# SE 3 Practice Exam



## epitome1170 (Sep 17, 2011)

Does anyone know where I can get a SE3 practice exam for Washington (or California)... with the answers for the sample questions would be best?


----------



## kevo_55 (Sep 19, 2011)

Well, there is no offical full sample exam but the CA board has given some sample questions here: http://www.pels.ca.gov/applicants/se_sample_exam.pdf

They don't give any answers but this is better than nothing.

I hope this helps!


----------



## epitome1170 (Sep 19, 2011)

kevo_55 said:


> Well, there is no offical full sample exam but the CA board has given some sample questions here: http://www.pels.ca.gov/applicants/se_sample_exam.pdf
> They don't give any answers but this is better than nothing.
> 
> I hope this helps!


Yeah, I have that alreadyand was hoping for something more as well.

Thanks.


----------



## epitome1170 (Oct 4, 2011)

In the AISC 341-05 there are example problems, does anyone thinks these are good examples (and the only examples) or the special systems to have for the exam? Or would others be helpful?
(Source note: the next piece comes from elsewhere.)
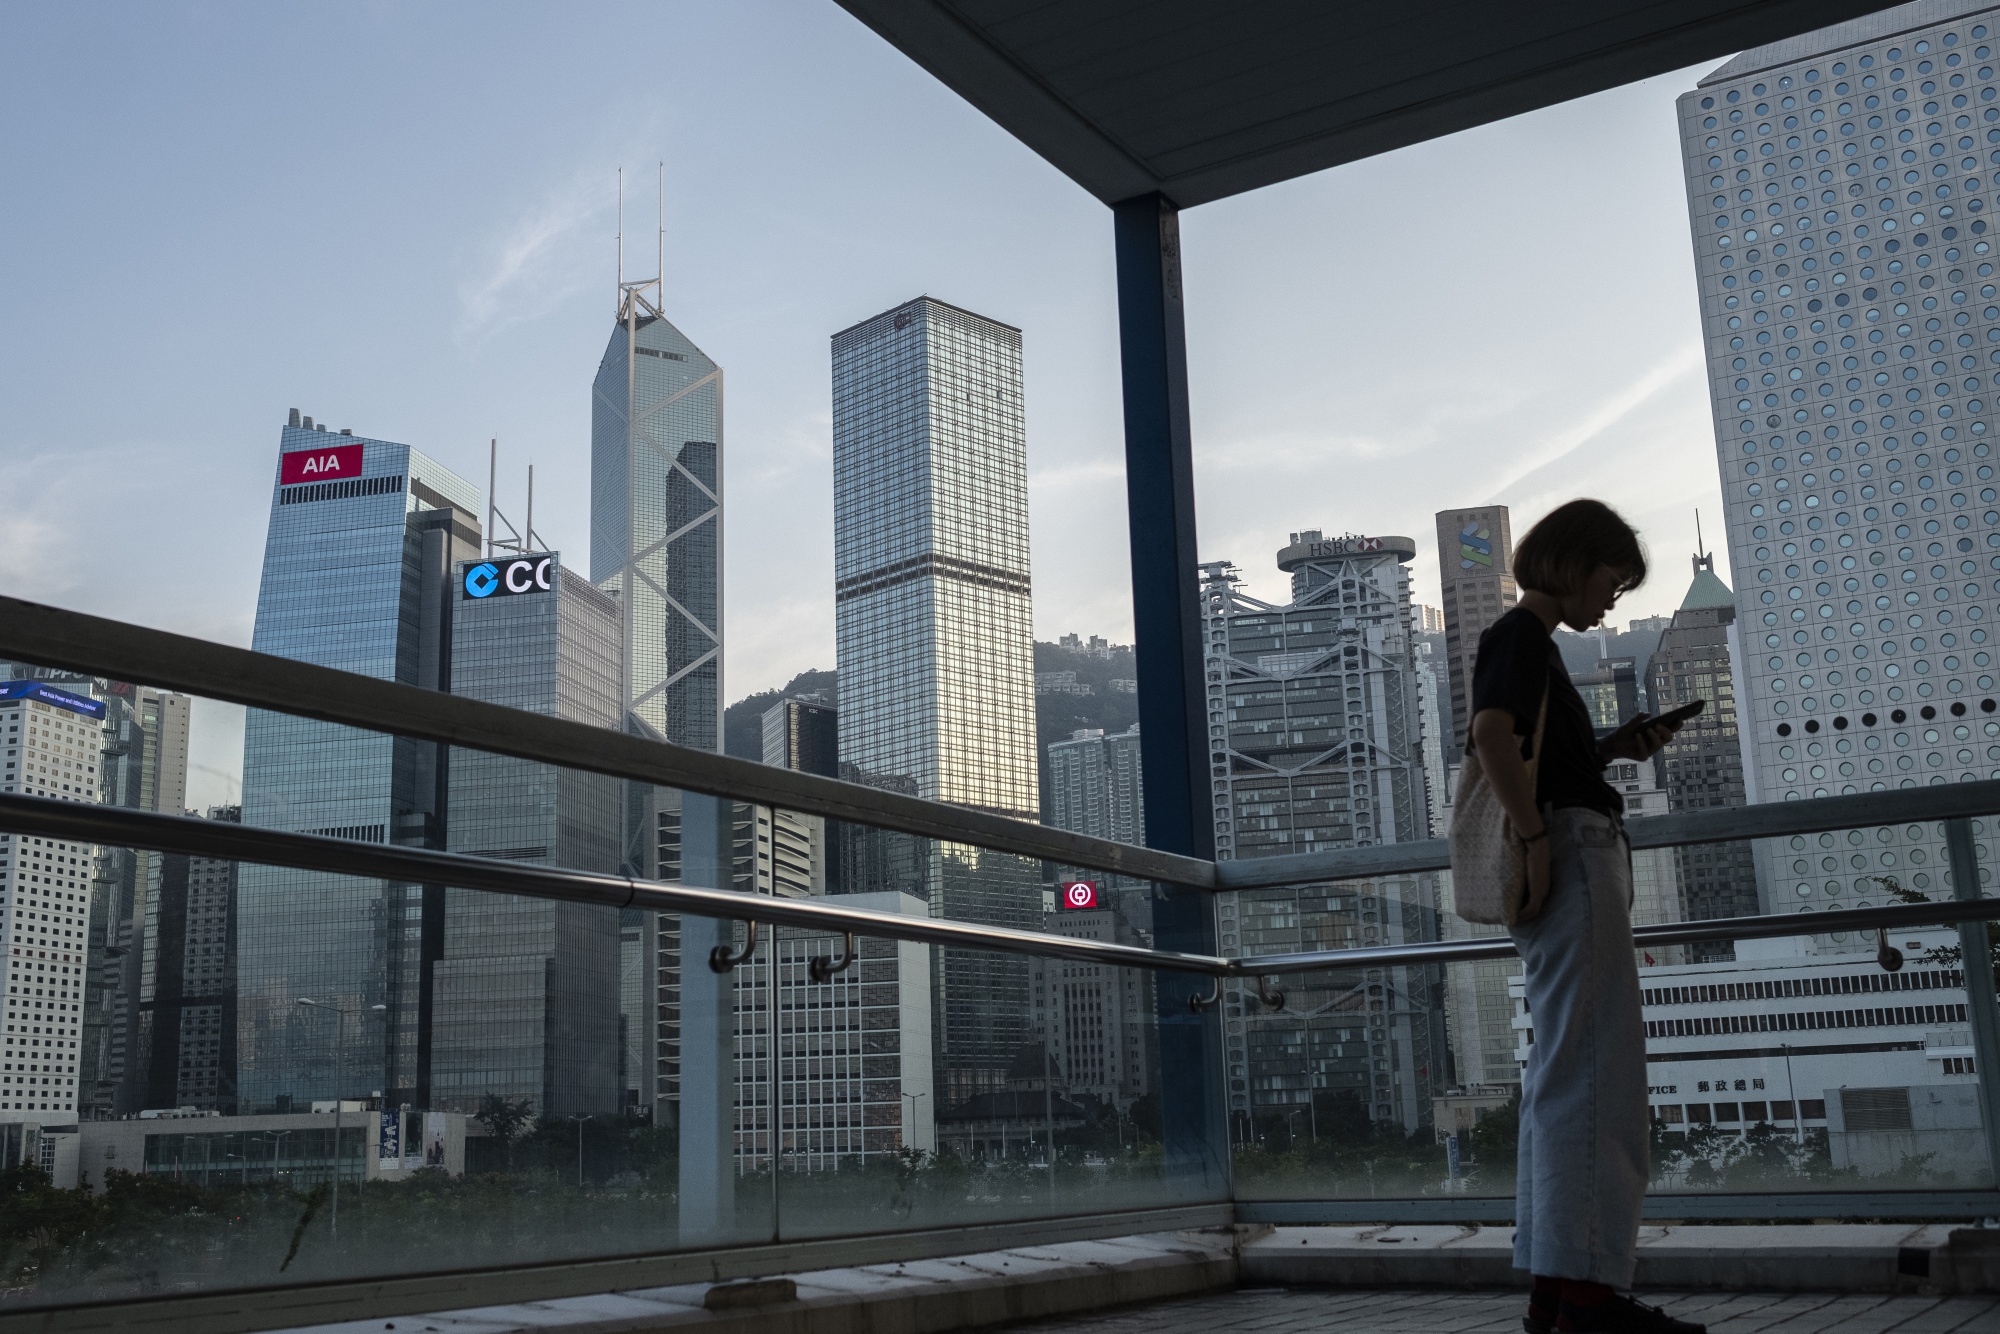 Hong Kong Virtual Bank With 6.8% Deposits Cools Price War Talk

If others are needed, are there any sources for fully worked examples of SMF, SCBF, etc?


----------



## McEngr (Oct 4, 2011)

epitome1170 said:


> In the AISC 341-05 there are example problems, does anyone thinks these are good examples (and the only examples) or the special systems to have for the exam? Or would others be helpful?
> If others are needed, are there any sources for fully worked examples of SMF, SCBF, etc?


SEAOC Seismic Design Manual Vol III is good.


----------



## epitome1170 (Oct 5, 2011)

McEngr said:


> epitome1170 said:
> 
> 
> > In the AISC 341-05 there are example problems, does anyone thinks these are good examples (and the only examples) or the special systems to have for the exam? Or would others be helpful?
> ...


Thanks I have that as well and will take it with me. I was just wondering if I followed the 341 examples if that is a pretty good strategy


----------